Top Gear quotes

1565 total quotes



[on first sight of Geoff]
Richard: That is the worst-looking car in the whole world. I'd rather look at one of your dingleberries.

[on Richard driving into the back of his Suzuki]
James: That honestly wasn't very funny three series ago, and it really isn't funny now.
Richard: I'm not doing it on purpose. No, I haven't got any brakes. That's how I stop!

[On the "Road of Death", regarding the broken suspension on James' car]
Jeremy: James, I don't know about the rear suspension design on the Suzuki.
Richard: The shock absorber is traditionally attached at both ends.

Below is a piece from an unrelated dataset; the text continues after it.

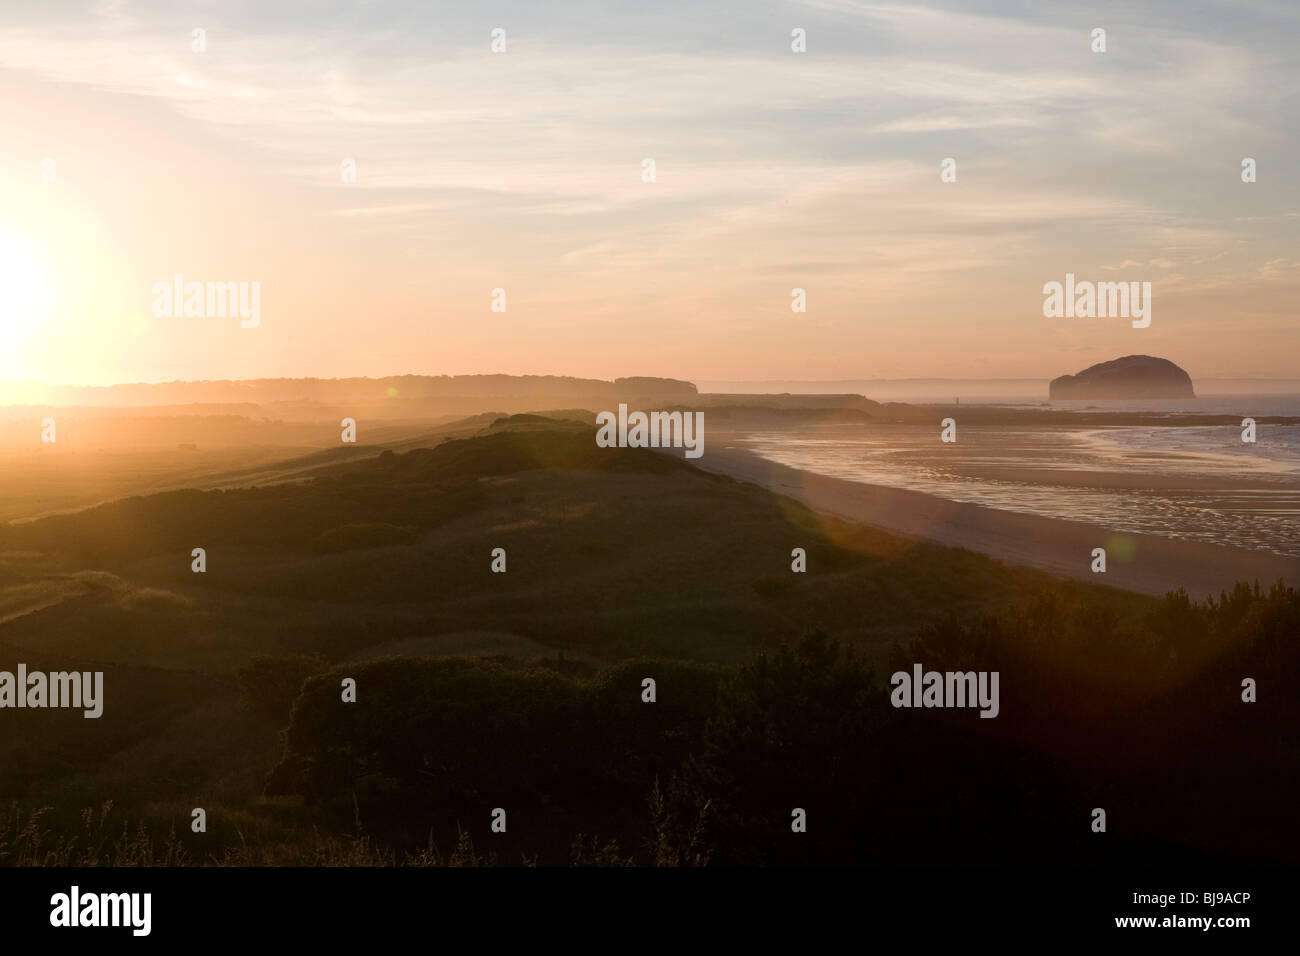 scottish coastline at sunrise with flare Stock Photo

[on the Aston Martin Rapide]
James: All this is yours for 140,000 pounds. Now that is quite a bit more expensive than Porsche's four-door, the Panamera, but, there are two very good reasons why you should choose the Aston Martin. Firstly, and unlike the Porsche, it does look rather magnificent. And secondly, most importantly, this is quintessentially British. Despite the fact that it's made in Austria. Which I think is in Germany.

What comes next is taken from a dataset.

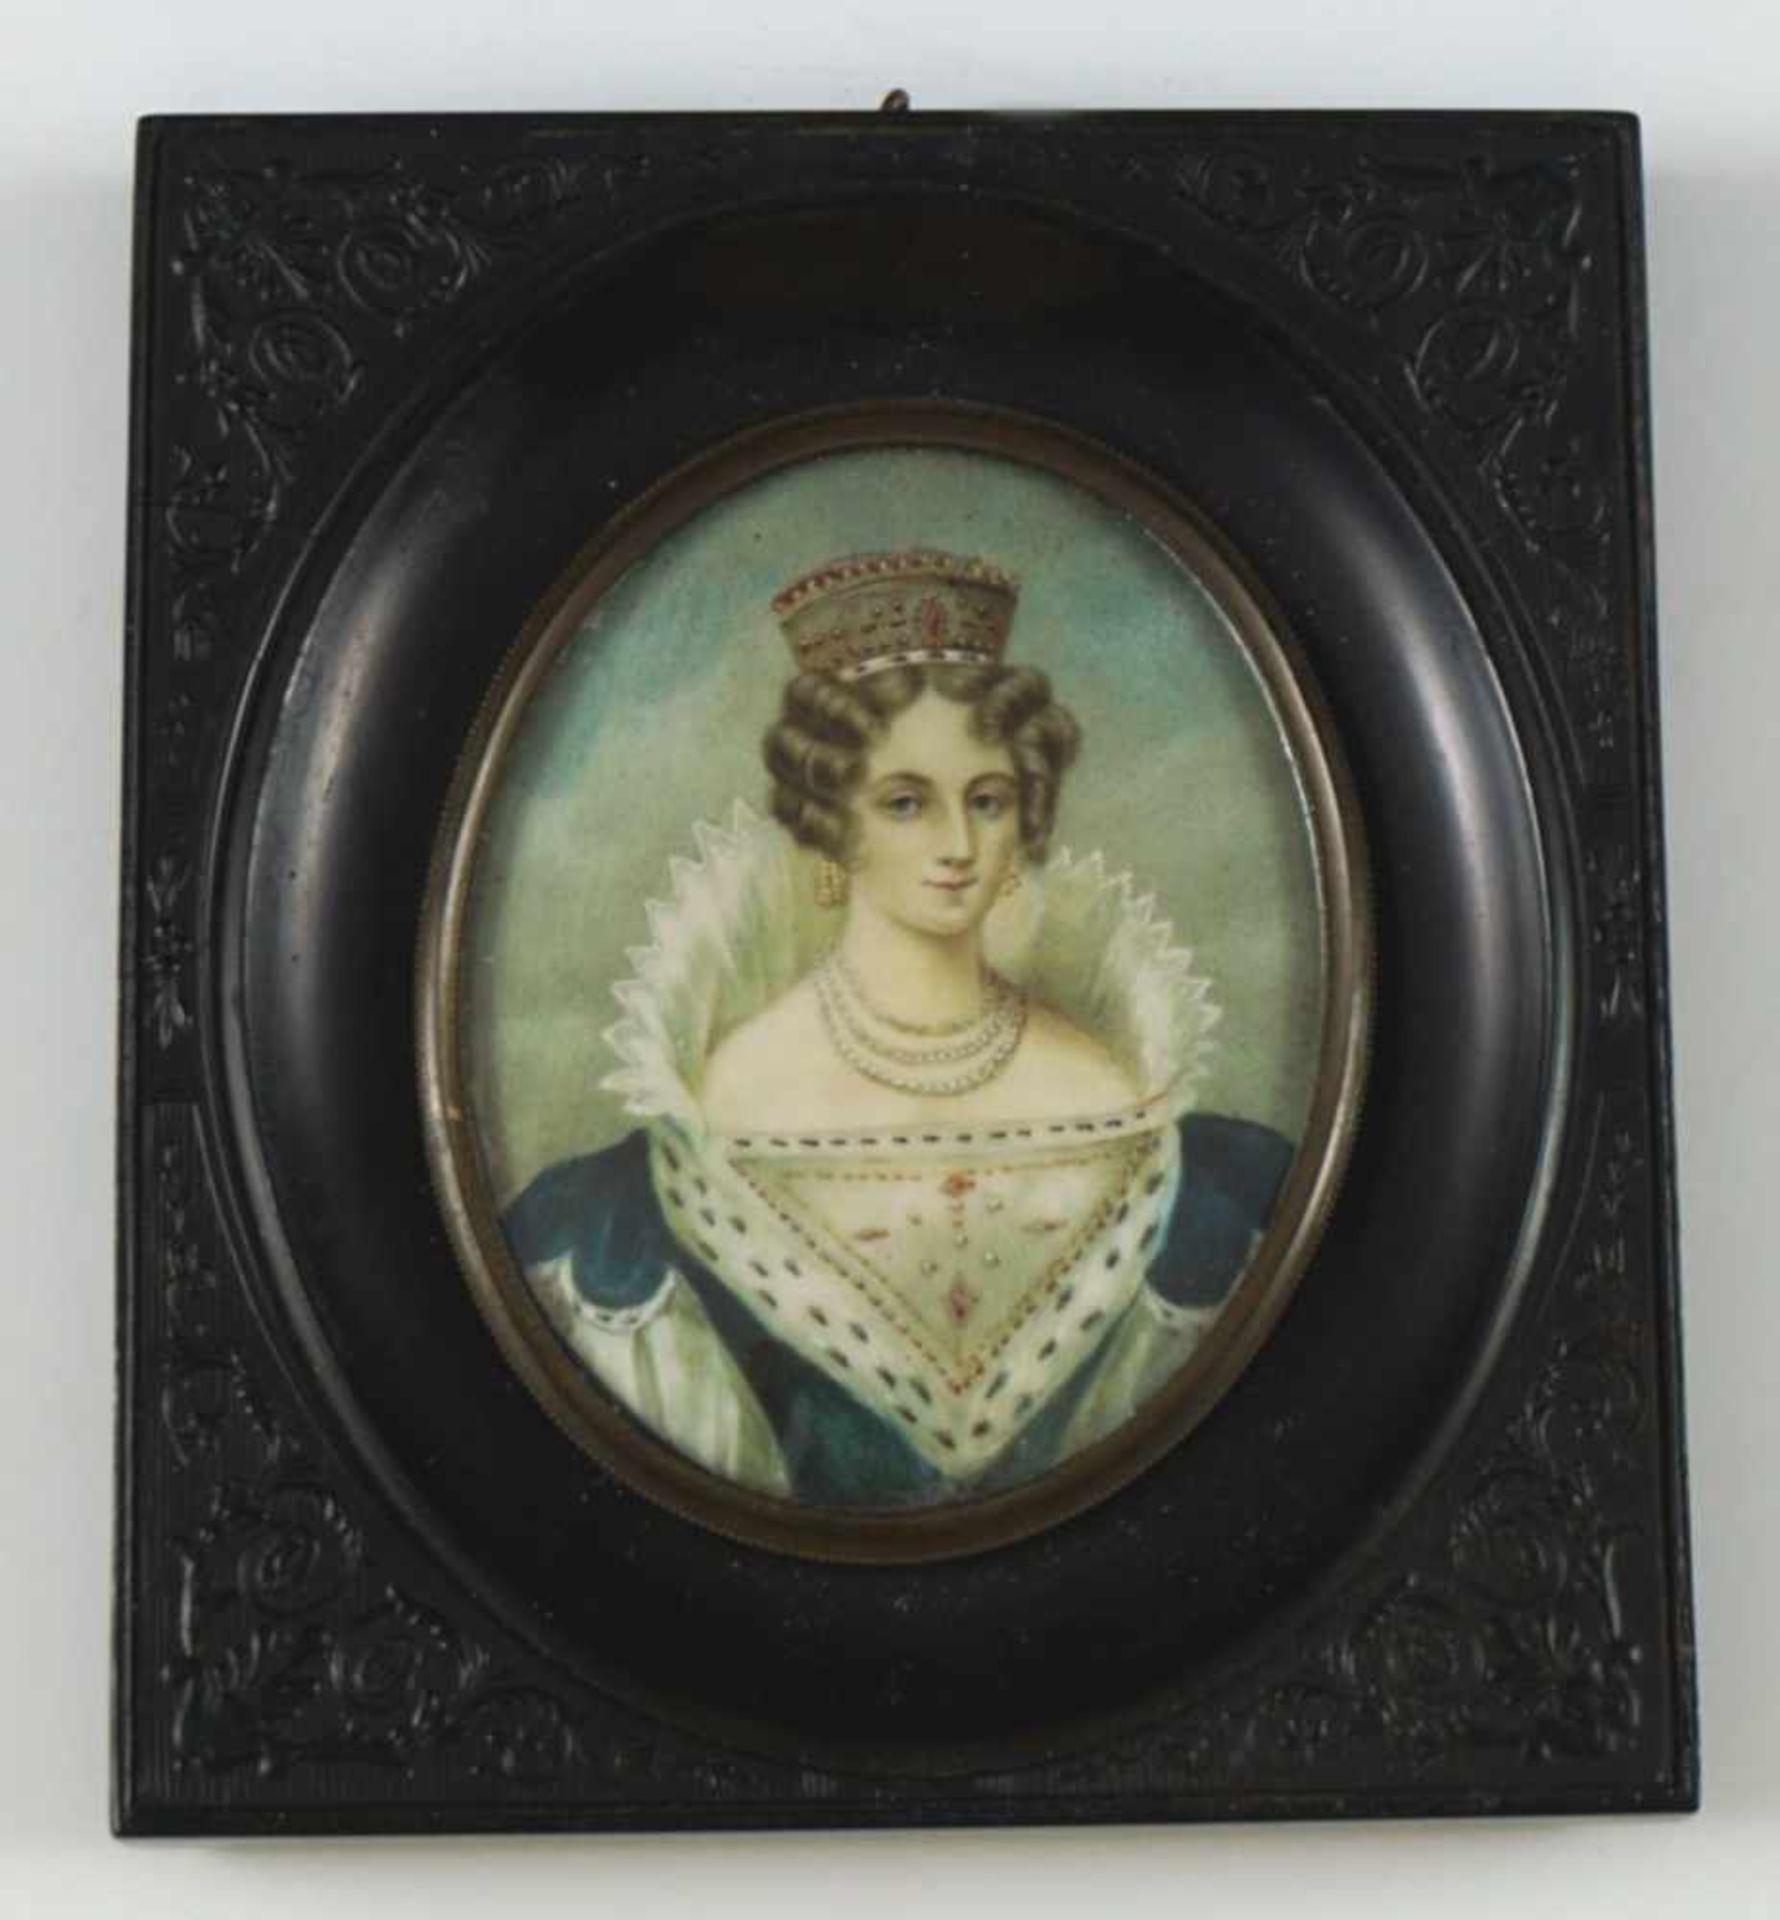 Portrait einer Fürstin im Staatsgewand mit Hermelin. Auf Elfenbein. Um 1900. Oval, 8,2 x 6,3 cm. R

[On the Road of Death, Jeremy with his eyes on a passing vehicle accidentally rams James despite being warned not to earlier on. Shaken and angry, James gets out with his machete and approaches Jeremy's car]
Jeremy: Sorry, I was...
James: [Overlapping] I was pretty f**king straight with you on this one, and now you're gonna get machete'd to death. [starts jabbing the blade at Jeremy's neck, half-threatening]
Jeremy: [fending James off] Don't- I was watching the taxi!
James: [interrupting] I did warn you! Did I or did I not warn you?!
[In Richard's truck]
Richard: [casually observing the spectacle] James is killing Jeremy... Yeah, thing's are going well.
[Back to James and Jeremy]
Jeremy: I was watching the taxi.
James: You weren't!
Jeremy: I was watching the taxi.

[On The Stig]
Jeremy: Some say that he has to take his shoes off with an Allen key. And that his new year's resolution is to eat fewer mice. All we know is, he's called The Stig.

[On the Stig]
Jeremy: Some say his new Christmas range of fragrances includes the great smell of Wednesday. And that he was turned down for the job of EU President, because his face is just too recognisable. All we know is he's called The Stig!

[On the Stig]
Jeremy: Some say that he has some terrible plans involving the moon. And that he was turned down for a place on I'm a Celebrity because he is one.

[On the Stig]
Jeremy: Some say that in the autumn, all his arms go brown and fall off. And that if he wrote you a letter of condolence, he would at least get your name right. All we know is, he's called the Stog.
James: You mean the Stig.
Jeremy: That's what I said. I said it!

[On the Stig]
Jeremy: Some say that the drinks cabinet in his car contains fourteen different types of custard. And that while he has been known to leave his house in a bit of a hurry, he's never once hit a fire hydrant. All we know he's called the Stig!

[opening a segment]
Jeremy: What if you're mad? What if you can't walk past a window without being overcome by an uncontrollable urge to lick it?
[laughter]

[Richard Hammond is talking to a number of radio stations near Middlesbrough about himself when he should've publicised the car art exhibition in the Mima gallery, Jeremy Clarkson is listening to this while driving the art car to the Mima gallery and is hysterical with anger]
Jeremy: I'M GOING TO HAVE A HEART ATTACK!
[We switch back to Richard Hammond, he is currently talking about the game show Total Wipeout]
Jeremy: TOTAL WIPEOUT IS JUST IDIOTS FALLING OVER, TALK ABOUT OUR ART EXHIBITION!

[shouting over the noise of the diesel generator in Geoff Mk II]
Jeremy: So, James, this generator is charging the batteries as we drive along?
[subtitle: So James this generator is charging the batteries as we drive along?]
James: Yeah.
[subtitle: yes]
Richard: Well, that's brilliant! It's a hybrid! We've built a Prius.
[subtitle" This is an appalling racket. We are useless at everything]
Jeremy: You don't think the producers are messing with the subtitles, do you?
[subtitle: I am a big fat bald idiot]
Richard: No, they wouldn't do that!
[subtitle: And I am a short arse]

[Talking about a new F1 team, Manor Grand Prix from near Sheffield]
Richard: I can't wait to see their new car. Don't worry about bothering with all that carbon fibre, I made mine out of steel. Steel!
Jeremy: Stainless steel. [putting on accent] I tell you what, if that Fernando Alonso twats into our car, his Ferrari'll be buggered. I'll tell ye that for nowt.
James: Funny, my dad worked in pit, and now I've got a job in pit.
Jeremy: They're replacing T'oyota and they've sang' Timo Glock, who presumably is currently learning why it's important to punch anyone who looks at 'im funny.

[Talking about the Gallardo Balboni]
Richard: According to Top Gear research, 47% of caravanners enjoy wife swapping. Think what will happen when the keys for this baby come out the pot! Oh, yeah!